Use SageMaker from the deep learning desktop
The deep learning desktop is preconfigured to use SageMaker. To get started with SageMaker examples in a JupyterLab notebook, launch the following Bash commands in a desktop terminal:
mkdir ~/git
cd ~/git
git clone https://github.com/aws/amazon-sagemaker-examples.git
jupyter-lab
This will start a ‘jupyter-lab’ notebook server in the terminal, and open a tab in your web browser. You can explore any of the SageMaker example notebooks. We recommend starting with the example Distributed Training of Mask-RCNN in SageMaker using Amazon EFS found at the following path in the cloned repository:
advanced_functionality/distributed_tensorflow_mask_rcnn/mask-rcnn-scriptmode-efs.ipynb
The preceding SageMaker example requires you to specify a subnet and a security group. Use the preconfigured OS environment variables as follows:
security_group_ids = [ os.environ['desktop_sg_id'] ]
subnets = [ os.environ['desktop_subnet_id' ] ]
Stopping and restarting the desktop
You may safely reboot, stop, and restart the desktop instance at any time. The desktop will automatically mount the Amazon EFS at restart.
Clean Up
When you no longer need the deep learning desktop, you may delete the CloudFormation stack from the CloudFormation console.
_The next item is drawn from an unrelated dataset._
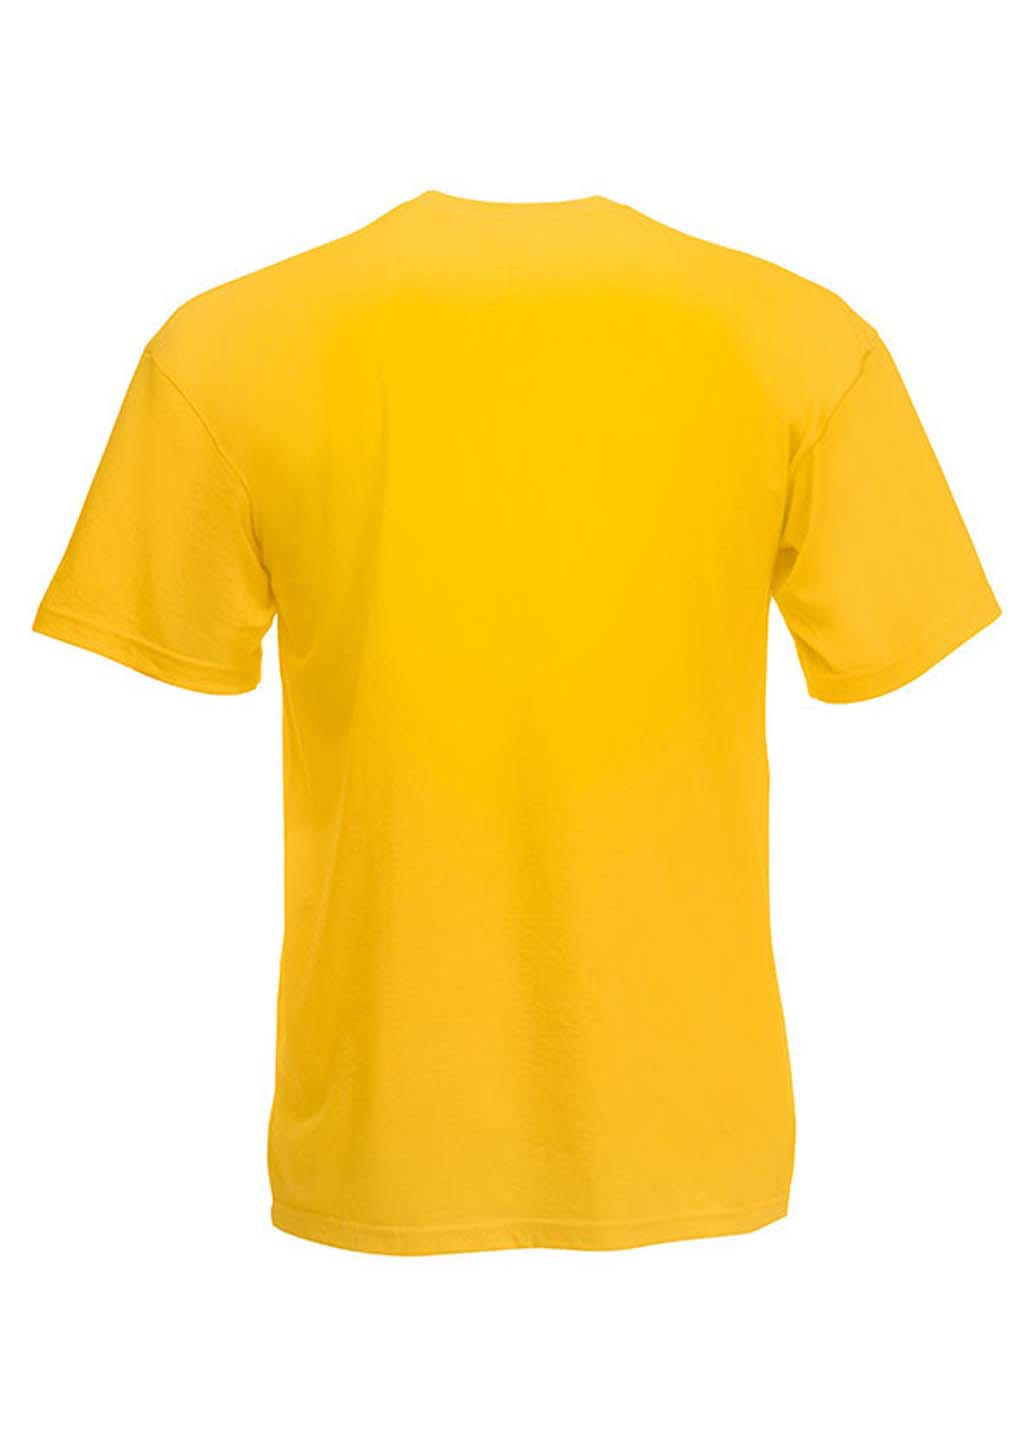 Жовта демісезонна футболка Fruit of the Loom
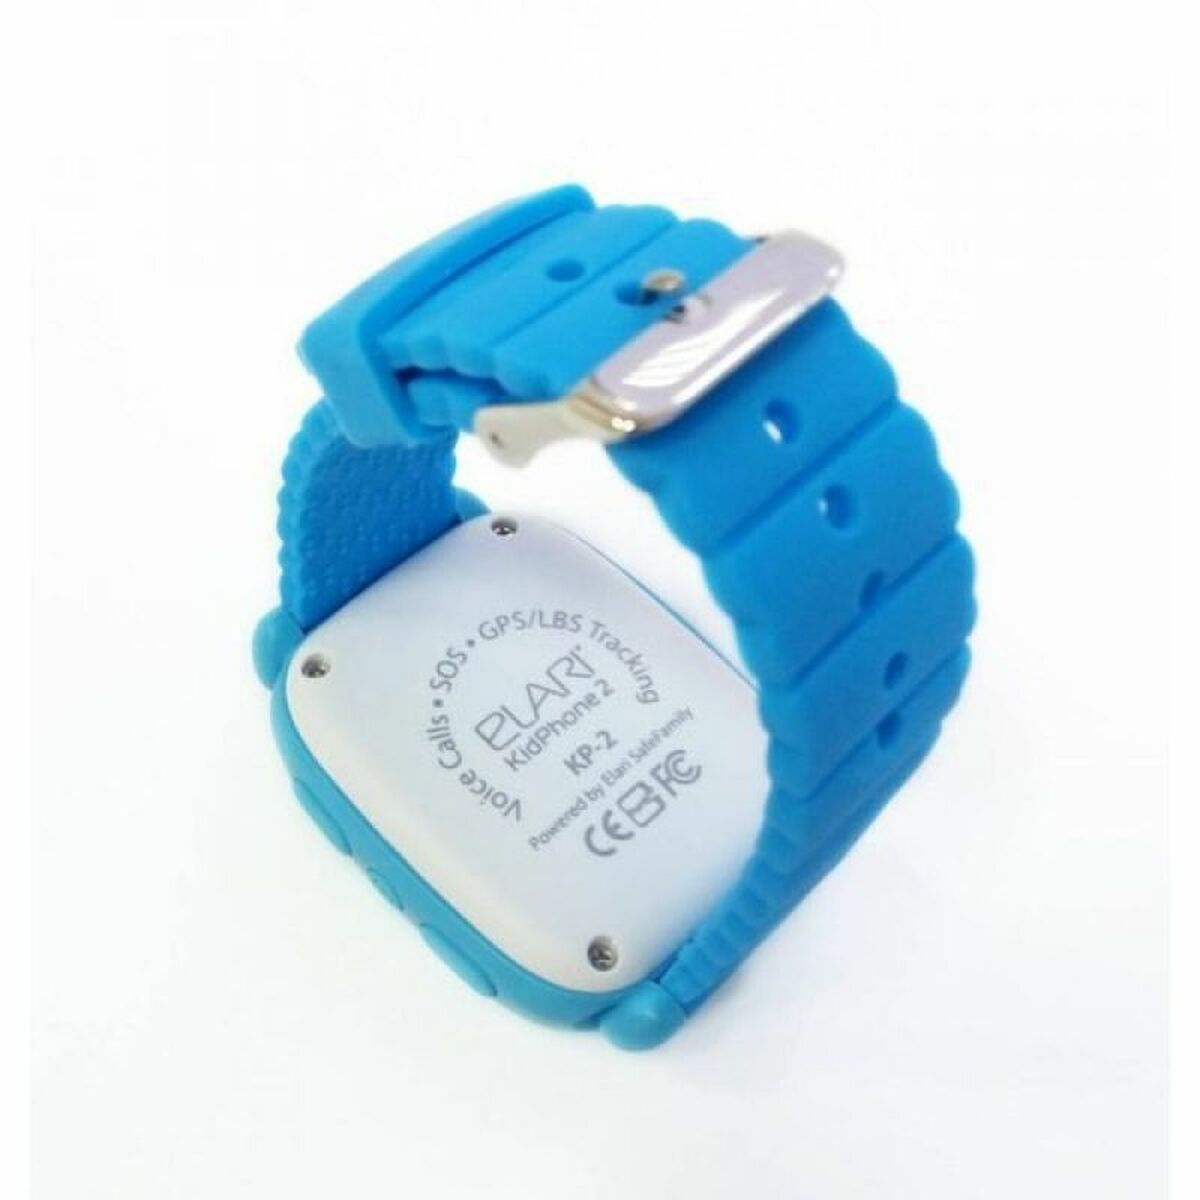 Smartwatch ELAKPHONE2A Blau 1,44" - CA International

Deleting the stack will shut down the desktop instance, and delete the root Amazon EBS volume attached to the desktop. The Amazon EFS is not automatically deleted when you delete the stack.
Conclusion
In this post, we showed how to launch a desktop pre-configured with the popular machine learning frameworks for research and development of deep learning neural networks. NICE-DCV was used for high performance visualization related to deep learning. AWS storage services were used for highly scalable access to deep learning data. Finally, Amazon SageMaker was used for the distributed training of deep learning data.